Consumer prices are still climbing rapidly
By Jeanna Smialek
The pressures that have kept inflation elevated for months remain strong, fresh data released earlier this week showed, a challenge for households that are trying to shoulder rising expenses and for the White House and Federal Reserve as they try to put the economy on a steadier path.
Annual inflation moderated for the first time in months in April, but the consumer price index still increased 8.3%, an uncomfortably rapid pace. At the same time, a closely watched measure that subtracts food and fuel costs accelerated.
Core inflation — which excludes costs for groceries and gas — picked up 0.6% in April from the prior month, faster than its 0.3% increase in March. That measure is particularly important for policymakers, who use it as a gauge to help determine where inflation is headed.
While the letup in annual inflation may have given President Joe Biden and the Fed a dose of comfort, the overall picture remains worrying. Policymakers have a long way to go to bring price increases down to more normal and stable levels, and the newest data is likely to keep them focused on trying to slow an inflation rate that remains near its fastest pace in 40 years.
“Inflation is too high — they need to bring it down,” said Laura Rosner-Warburton, senior economist at MacroPolicy Perspectives. “The re-acceleration in core inflation is unwelcome.”
The report renewed fears among investors that the Fed could speed up plans to raise interest rates, which would further take steam out of the stock market. The S&P 500 fell 1.6%, extending a five-week slide that has taken it to the cusp of a so-called bear market — a drop of more than 20% from a recent peak.
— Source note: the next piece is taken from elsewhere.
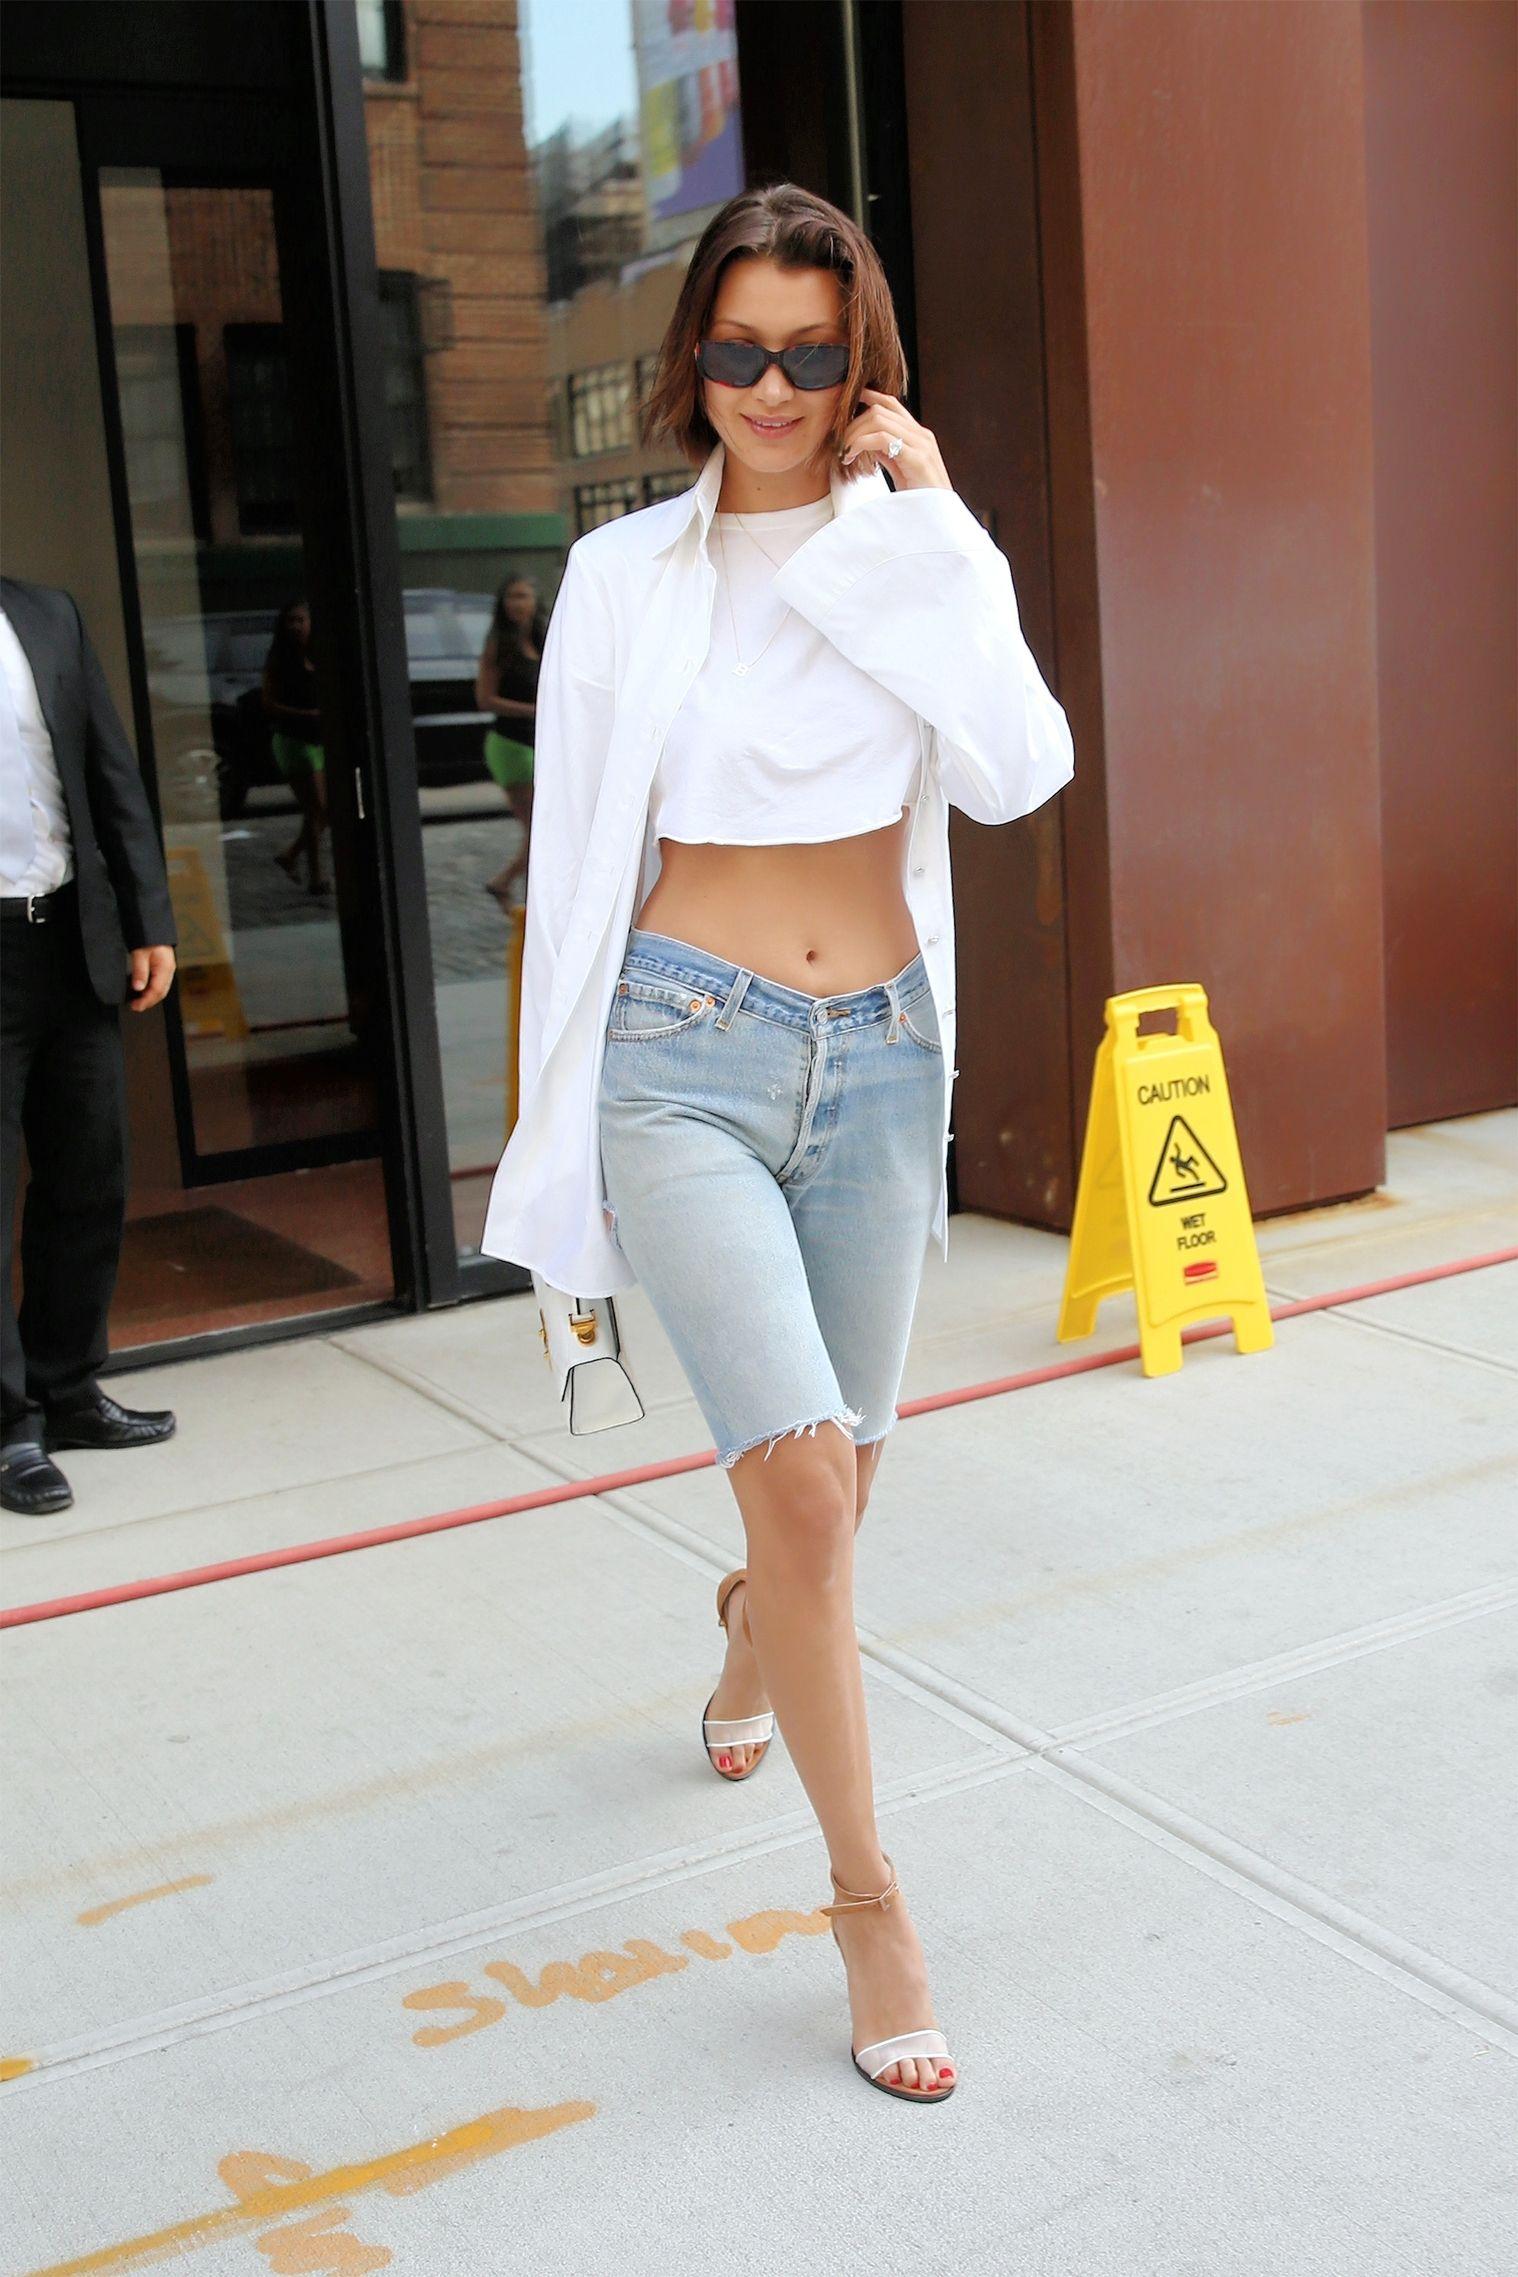 Quần jean lửng là một trong những thiết kế khá kén người mặc, nhưng với thân hình bốc lửa của mình, Bella Hadid chẳng cần lo ngại gì về việc đó.

At the close of trading, the index was 18% below its January record high. The tech-heavy Nasdaq composite, which has been in a bear market for months, fell 3.2%.
Annual inflation may have peaked, having climbed by an even-quicker 8.5% in March. It slowed down in April partly because gas prices dropped, and partly because of a statistical quirk that will continue through the months ahead. Yearly price changes are being measured against elevated price readings from last spring, when inflation started to take off. The higher base makes annual increases look less severe.
Still, even the White House greeted the new report with concern.
“While it is heartening to see that annual inflation moderated in April, the fact remains that inflation is unacceptably high,” Biden said in a statement. “Inflation is a challenge for families across the country, and bringing it down is my top economic priority.”
Economists do expect price increases to continue to ebb somewhat this year because they think that consumer demand will taper off and supply-chain stresses will ease. The crucial question is how much and how quickly that moderation might happen.
Many analysts have been predicting a slowdown in price increases or even outright price cuts on many goods, but those forecasts look increasingly uncertain. Lockdowns in China and the war in Ukraine threaten to exacerbate supply shortages for semiconductor chips, commodities and other important products.
“There are persistent issues in supply chains,” said Matthew Luzzetti, chief U.S. economist at Deutsche Bank. “And the most recent developments have not been positive.”
Part of the increase in core inflation in April owed to trends that should not last, most notably a big pop in airfares as travel demand surges following the latest wave of the coronavirus. Even so, Rosner-Warburton said she expected annual CPI inflation to remain at 5.1% at the end of the year, far above levels that prevailed before the pandemic.
The Fed aims for 2% annual inflation on average, though it defines that goal using a related but different measure that tends to run slightly lower and comes out with more of a delay. That inflation index picked up 6.6% in the year through March, and April figures will be released later this month.
The fact that high inflation is lasting so long is a problem for the central bank. After a full year of unusually swift increases, household and investor expectations for future price changes have been creeping higher, which could perpetuate inflation if households and businesses adjust their behavior, asking for bigger raises and charging more for goods and services.
As such risks have mounted, the Fed has begun to lift interest rates to try to keep price increases from galloping out of control in a more lasting way. In March, Fed policymakers lifted their main policy interest rate for the first time since 2018, then followed that up with the biggest increase since 2000 at their meeting last week.
By making it more expensive to borrow money, officials hope to weaken spending and hiring, which could help supply to catch up with demand. As the economy returns to balance, inflation should come down.
Central bankers are hoping that their policies will temper economic growth without pushing unemployment up or plunging the U.S. into a recession — engineering what they often call a “soft landing.”
“I really want us to have that be the outcome, but I recognize that it’s not going to be easy to do,” Raphael Bostic, president of the Federal Reserve Bank of Atlanta, said Monday.
Officials have roundly acknowledged that letting the economy down gently will be difficult, and some have suggested that they would be willing to inflict economic pain if that is what it takes to tackle high inflation.
If the economy gets to a point at which unemployment begins climbing, but inflation remains “unacceptably high,” Bostic said price increases would be “the threat that we have to take on board.”